In normal conditions, the predictive maintenance cost is a small fraction of the corrective maintenance cost, \(\gamma =\alpha \varGamma \) where \(\alpha \ll 1\). For this paper corrective maintenance is assumed to correspond to the full replacement of the asset that has failed, which means that its cost can be assumed to be the proportional to the acquisition cost of the assetFootnote 1\(\varGamma \propto C_\mathrm {A}\). In this paper ‘high value’ assets correspond to assets with a high value of \(\varGamma \), and consequently ‘low value’ assets correspond to assets with a low value of \(\varGamma \). Equation (2) can be re-written:

$$\begin{aligned} C_\mathrm {T}=\varGamma (N_\mathrm {C}+ \alpha N_\mathrm {P})+C_\mathrm {C}+C_\mathrm {P}. \end{aligned}$$

The precise monetary amount represented by each of these components necessarily depends on the particularities of the system studied. Notwithstanding, it is a safe assumption that individualized communication and processing costs will approximately be the same across different implementation scenarios. Regardless of whether the data comes from a smart phone or a gas turbine, the cost of processing a byte of that data and sending it through the Internet is the same. It is then useful to normalize these costs to the corrective maintenance cost, \(\varGamma \). Equation (2) then reads:

$$\begin{aligned} C_\mathrm {t}=( N_\mathrm {C}+ \alpha N_\mathrm {P})+N_\mathrm {Co}C_\mathrm {c}+N_\mathrm {pro}C_\mathrm {p}, \end{aligned}$$

where \(C_\mathrm {c}\), \(C_\mathrm {p}\), and \(C_\mathrm {t}\) are normalized to the corrective maintenance cost \(\varGamma \). \(N_\mathrm {Co}\) is the number of fixed-size (a pre-set byte amount) communications between any two agents in the system. \(N_\mathrm {pro}\) is the number of times a fixed computational resource measure (for example, one flop) is used in the system. In practical terms, this means that if in one system the corrective maintenance cost is £10,000, and in another one it is twice that, \(C_\mathrm {c}\) will be reduced by half in the simulation (as \(C_\mathrm {c}\) is normalised to \(\varGamma \)). Thus, in this paper, costs are pre-set in three parameters, all normalized to \(\varGamma \): the fixed-length communication cost \(C_c\), the fixed computational resource cost \(C_p\), and the predictive maintenance cost \(\alpha \).

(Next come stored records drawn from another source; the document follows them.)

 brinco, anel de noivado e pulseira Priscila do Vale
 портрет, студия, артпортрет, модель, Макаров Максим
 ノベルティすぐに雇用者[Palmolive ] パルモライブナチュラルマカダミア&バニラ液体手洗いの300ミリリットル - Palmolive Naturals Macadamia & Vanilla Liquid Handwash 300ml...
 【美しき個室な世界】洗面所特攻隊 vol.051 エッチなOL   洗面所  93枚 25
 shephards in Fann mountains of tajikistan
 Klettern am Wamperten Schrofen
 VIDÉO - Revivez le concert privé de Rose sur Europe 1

To further compare across architectures and experimental scenarios, it is important to normalize cost to the time that the system has been operating and to the number of assets present in each experiment. This is needed because experiments with a larger number of assets, and with a longer operation history will generate larger costs. For this purpose, we will use the normalized cost K:

$$\begin{aligned} K=\frac{1}{\mathrm {TN}}\left( (N_\mathrm {C}+ \alpha N_\mathrm {P})+N_\mathrm {Co}C_\mathrm {c}+N_\mathrm {pro}C_\mathrm {p}\right) , \end{aligned}$$

where N is the number of assets in the system and T is the total time of the simulation (the number of steps since initialization).

Agent typologies and their failure modes

The architectures reviewed in this paper are formed by four elements: Virtual Assets, Digital Twins, Mediator Agents, and a Social Platform. Some of these agents were already described in several publications (Palau et al. 2019a; Bakliwal et al. 2018; Palau et al. 2018, 2019b), and their description here is inspired in the original papers.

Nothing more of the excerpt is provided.